Action item> With the pictures left out, retype exactly the lines below starting at the line that contains "Karuna Kompass #21" and ending at the line that contains "Art Direction and Graphic Design".

Stored data>
Start of Block

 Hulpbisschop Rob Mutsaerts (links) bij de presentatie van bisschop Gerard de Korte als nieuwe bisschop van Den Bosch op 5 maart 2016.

End of Block
Start of Block

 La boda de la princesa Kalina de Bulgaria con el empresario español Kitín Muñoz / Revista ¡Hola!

End of Block
Start of Block

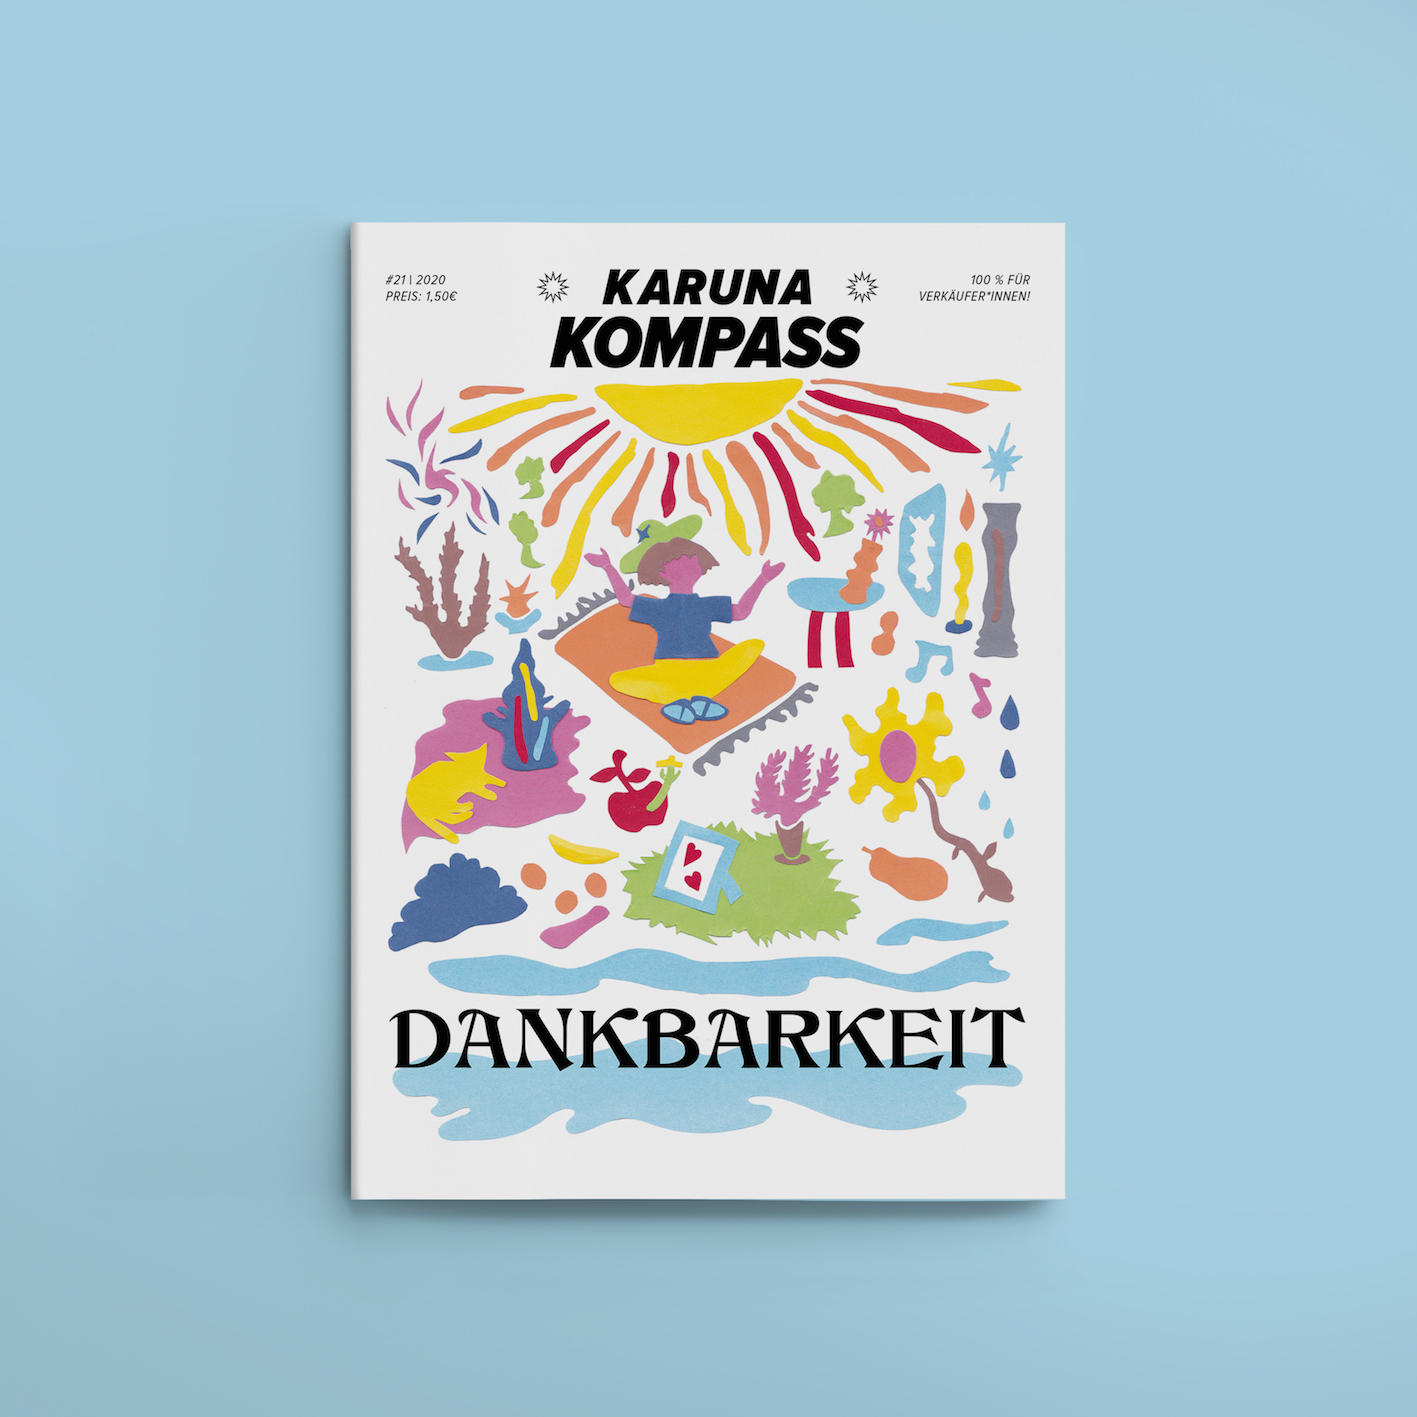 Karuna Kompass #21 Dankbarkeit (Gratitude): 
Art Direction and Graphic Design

End of Block

Your solution>
 Karuna Kompass #21 Dankbarkeit (Gratitude): 
Art Direction and Graphic Design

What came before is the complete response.